Madame Bovary Part 2, Chapter 13 Summary

  • His mind made up, Rodolphe returns home to La Huchette and sits down to write a farewell letter to Emma.
  • He sifts through the various tokens of love affairs past that he’s accumulated through many years of being a ladies’ man. All of the women he’s had in the past blur together in his mind – now Emma is just one of them.
  • Rodolphe gets down to business. He writes a truly melodramatic, ostentatiously noble letter to Emma, telling her that he can’t allow himself to ruin her life, blah blah blah. Suddenly the "fate" that supposedly brought them together before is now responsible for tearing them apart.
  • To avoid having to face her again, he writes that he’s going on a long trip.
  • The letter finished, Rodolphe is quite proud of himself. He even puts some false tearstains on the paper. This guy is just too much.
  • The next day, Rodolphe wakes up late, and has Girard, one of his servants, take the letter to Emma, concealed in the bottom of a basket of apricots.
  • Upon receiving basket, Emma is overcome with emotion – she finds the letter, immediately understands what its purpose is, and rushes to her room to read it.
  • Charles is there, so she flees madly, running to the attic. There, she forces herself to finish the horrible letter. Her feelings are all over the place – she feels desperately as though she might as well hurl herself out the window onto the pavement below.
  • Fortunately, Charles calls her from downstairs. She returns to herself, shocked that she narrowly avoided death.
  • It’s dinnertime. Félicité comes to fetch her mistress; Emma is forced to go downstairs and go through with the farce of eating. It’s torture.
  • To make matters worse, Charles even brings up Rodolphe, mentioning that he’d heard from Girard that the gentleman is going on a trip.
  • Then, just when Emma doesn’t think that things can possibly be more horrible, Félicité brings in the basket of apricots. Charles eats one, and tries to force Emma to, as well.
  • This is too much to handle – Emma almost swoons.

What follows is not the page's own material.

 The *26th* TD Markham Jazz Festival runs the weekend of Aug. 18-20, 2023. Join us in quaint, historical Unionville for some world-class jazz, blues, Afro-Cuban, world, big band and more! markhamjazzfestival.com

Charles tries to calm her, but then she sees Rodolphe’s carriage pass by the window. She passes out.
  • Monsieur Homais runs over when he hears chaos break out in the Bovary house. He brings some vinegar back to revive the unconscious woman.
  • Emma comes back from her faint briefly – Charles, freaking out, tries to get her to hold Berthe. Emma promptly passes out again.

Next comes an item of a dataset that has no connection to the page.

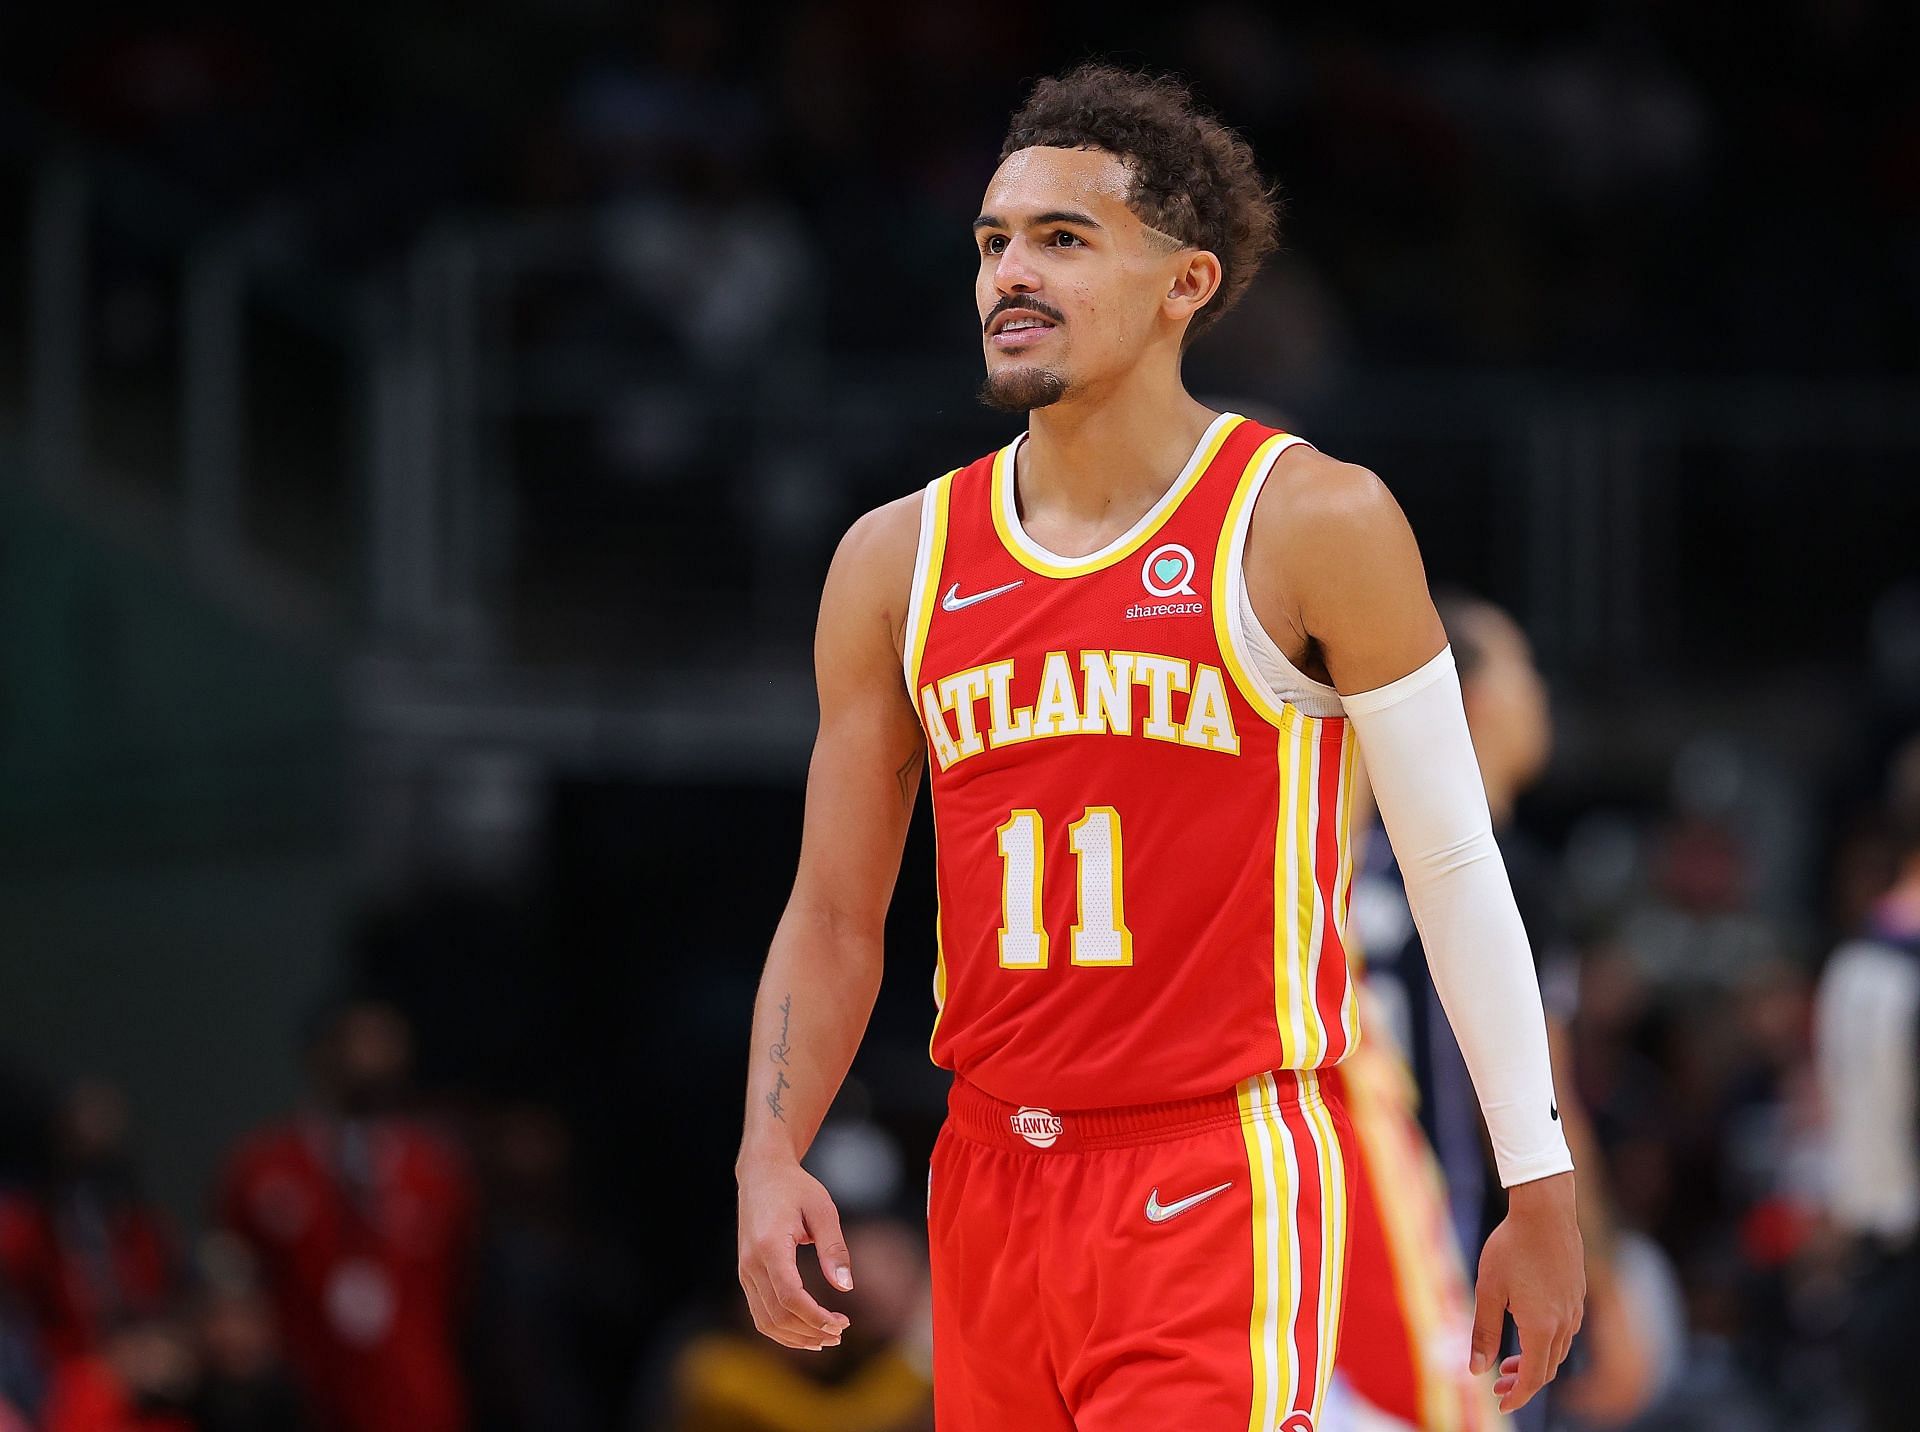 Trae Young records a new career-high against Portland Trail Blazers on January 3rd

  • Charles puts Emma to bed. He and Homais try and determine what could have possibly brought on this attack. Homais puts it down to the scent of the apricots.
  • Emma stays sick for a really long time. Charles stays by her side for forty-three days in a row – like we said, a really long time.
  • He calls in backup; Dr. Canivet is called, as well as Charles’s old teacher, Dr. Larivière.
  • Emma doesn’t say anything or give any indication of what’s causing all of this.
  • By the middle of October, Emma feels well enough to sit up in bed – she starts to eat a little bit, and even gets out of bed for a few hours of the day. She recovers slowly, then relapses.
  • Charles worries that she may have cancer.
  • To make it even worse, there’s no money.